The title of States of Flux is one clue: Leana Quade’s fun Pittsburgh Glass Center exhibit is mostly about playing with the medium. A second tip-off is that on entering the gallery, you’re given the rare chance to literally play with art — a multi-colored, please-touch collection of triangular springs crafted from single long “wires” of hot-formed glass fine as pencil leads. Press gently and watch them bounce back.
“I attempt to provide the viewer with an opportunity to perceive glass in a new way and think twice about how it acts, moves and functions,” writes the Cleveland-based Quade in press materials. Most of the exhibit’s 45 or so works are variations on what Quade calls her “spirals,” with titles like “Spiral Intension 16” and “Vortex 3.” Most rest individually inside their own clear-glass vessels, some seemingly hollow, others with the spiral suspended in solid glass. Done in green, lavender, gold and red, they suggest Slinkies, though a few might be organic forms (abstract leeches, perhaps) attempting escape. “Coulage,” a minute-long video capturing ribbons of molten glass dancing through water, reads like a found abstract.
Larger works include two “Weeping Woman” sculptures, each with a female figure that “‘weeps’ saltwater and color to create crystal formations” from salt. The formations, resembling coral, are pale yellow and blue and grow continually, gradually obscuring the figure itself. The sprawling floor-level installation “Tetrapod Mountain” consists of white plaster tetrapods (think “oversized jacks”) piled on a spill of coal slag; on one face of the mountain, another doll-sized white-plaster nude perches, as if at seaside.

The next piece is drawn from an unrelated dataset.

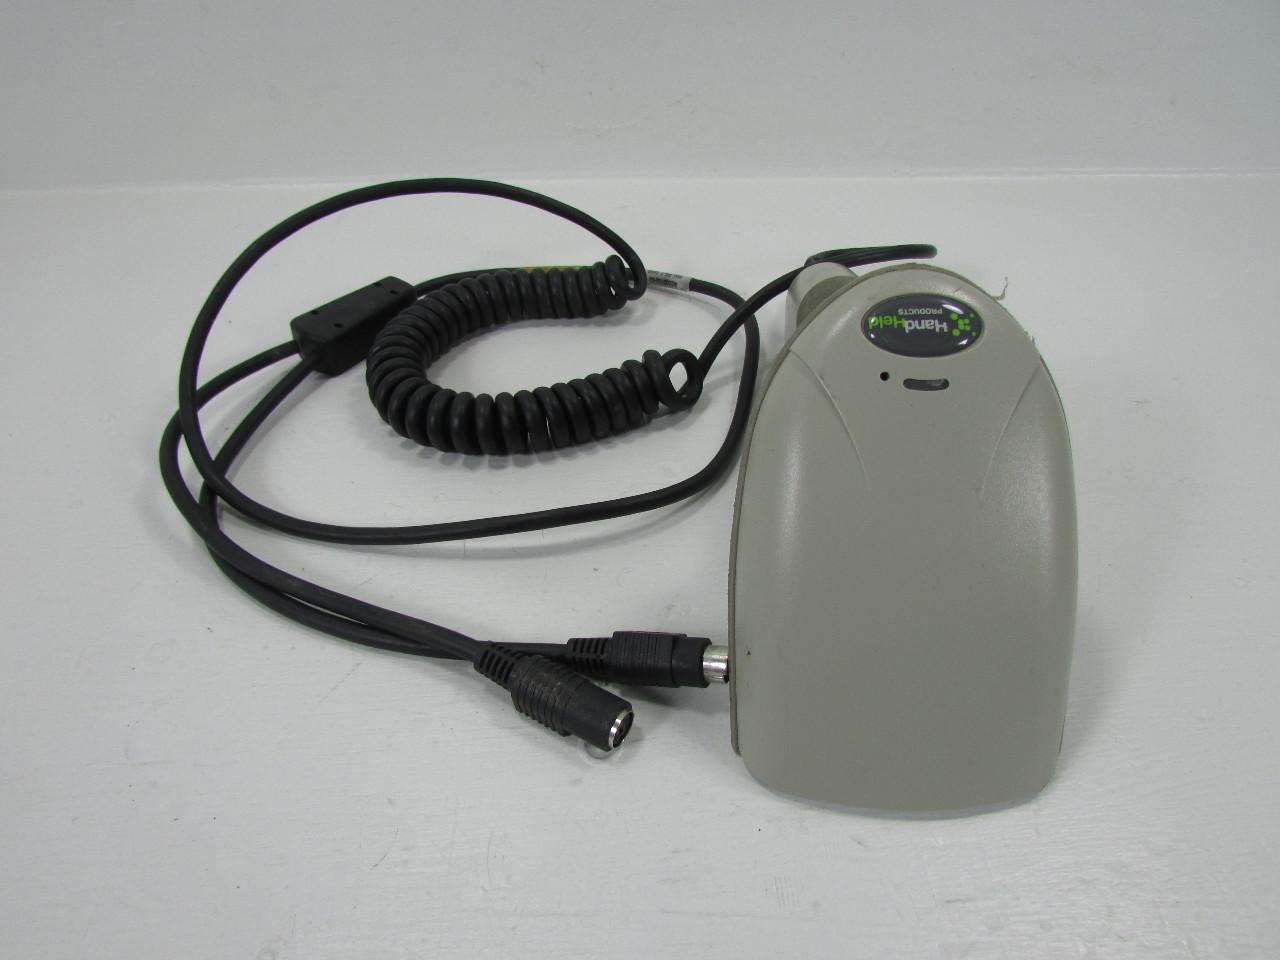 It3800 scanner

While those three partly figurative works are the closest Quade gets to metaphor, the installation “Soothing Anxiety” suggests meditation as an option. Walk inside this semi-sanctuary, which is like a 7-foot-tall wardrobe screen made of dozens of large kiln-cast-glass squares of varying translucence mounted in a metal frame, illuminated by subtle, ever-changing light projections. Each square bears 12 pyramidal shapes whose sharp peaks belie the wombish feel.
The exhibit’s centerpiece is the four-minute video “Release,” in which the artist attaches a ratchet strap to the short ends of a 7-foot rectangle of tempered sheet glass and slowly bends it into a U, testing its limits. The climax is impressive. A replica of the glass plate sits at your feet, but you can’t play with that one.